Karen’s course provided ample opportunities for meta conversations about the DALN and research resources as well as numerous opportunities to develop reflective compositions and arguments about their research process using the DALN. For example, the first assignment in Karen’s course asks students to browse the DALN and identify four narratives “…related by characteristics that interest” the student, and students are required to “…keep records of [their] work: browse links, search terms and results, descriptions of narratives reviewed” (“Analyzing

Literacy Narratives,” Appendix D). Then, the written analysis requires students to: “describe the rationale” for their choice of narratives; “describe the themes” students discovered through coding; and finally “pose questions for further research” (“Analyzing Literacy Narratives,”

Appendix D). The second assignment in the sequence, “Composing Your Literacy Narrative,” includes not only a personal literacy narrative composed with the DALN in mind, but also “…a reflective essay…explaining [the student’s] choices relating to medium, content, audience, and the process of composing a literacy narrative” (“Composing Your Literacy Narrative,” Appendix

D). Explicitly requiring students to communicate their processes of researching with (and possibly contributing to) the DALN allows them to step back from their processes to think about not just what they did, but how and why they did what they did, which can help students better understand not only their own work but the DALN in general.

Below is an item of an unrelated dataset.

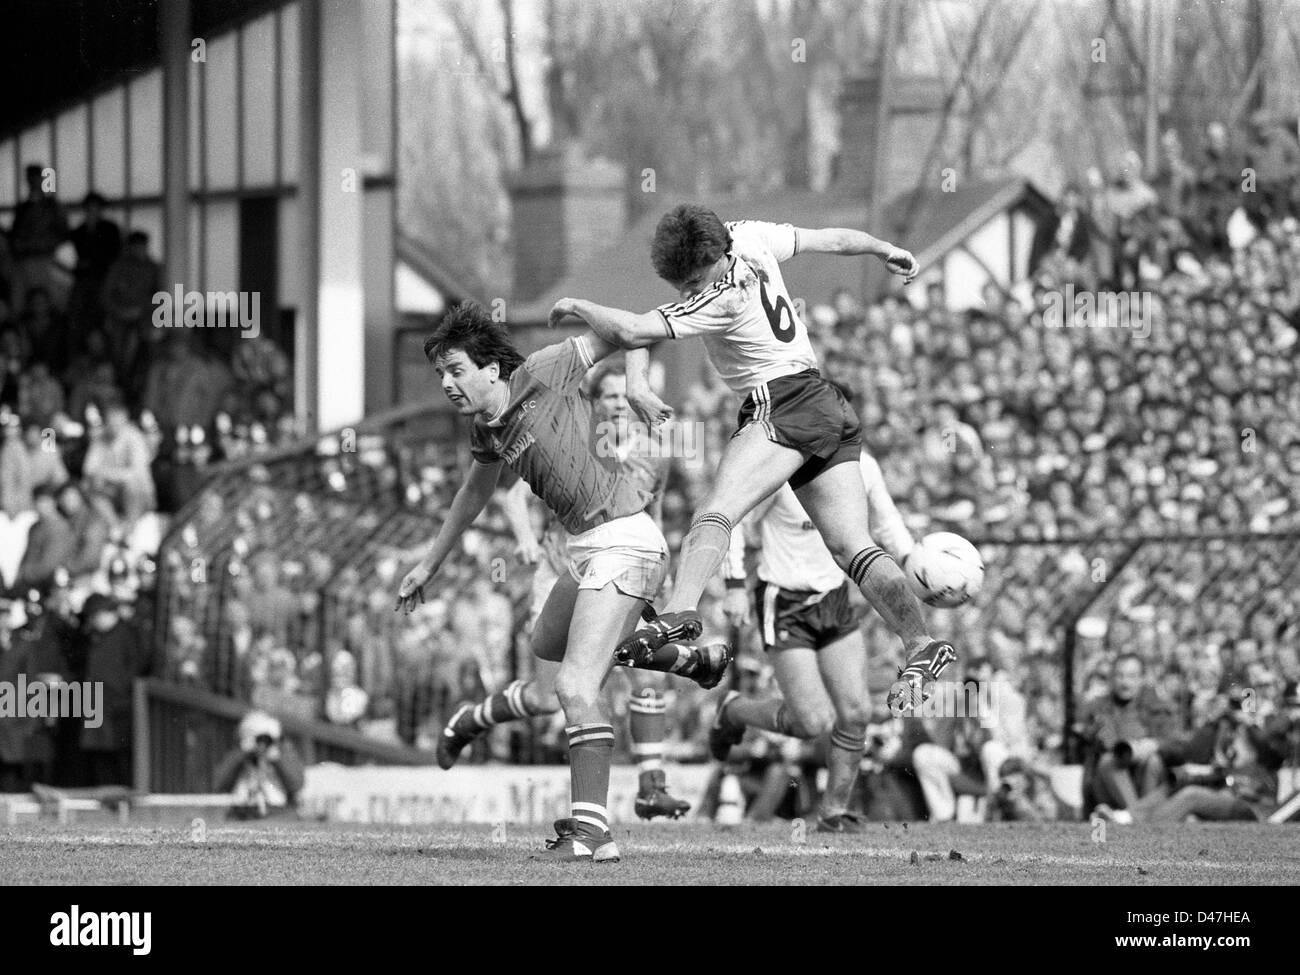 Graeme Sharp et Mal Donaghy Everton V Luton Town FA Cup semi finale à Villa Park 13/4/85 Photo Stock

In a similar way, Brian’s digital media and English studies course, “Building the DALN,” also made the DALN the main focus of the course and provided numerous opportunities for meta conversations and reflections on the DALN and the research process. These include conversations about the challenges and rewards of helping build archives, using the DALN for

232

research, and the DALN among other research resources. He said,

…early in the course, but after they had a good general sense of what the DALN was all

about, I had students look at a handful of similar narrative archival sites (StoryCorps,

[Library of Congress’] memory project, etc.). We used these as fodder for a conversation

where we conducted an informal comparative analysis, talking about the differences in

scale, scope, purpose, audience, and potential for research…I purposefully framed

discussion of the DALN's mission within the context of its importance to the field of

literacy studies... but more than that, we talked about the importance of ethnography,

narrative collection, general archival practices, and the use of digital technologies as

important methods/methodologies within the discipline of English–I felt this was an

important component of the course, as it helped expand for students (many of them

literature-focused) their concept of what "counts" as legitimate tools of research and

scholarship in English… (Brian, 2014, personal communication)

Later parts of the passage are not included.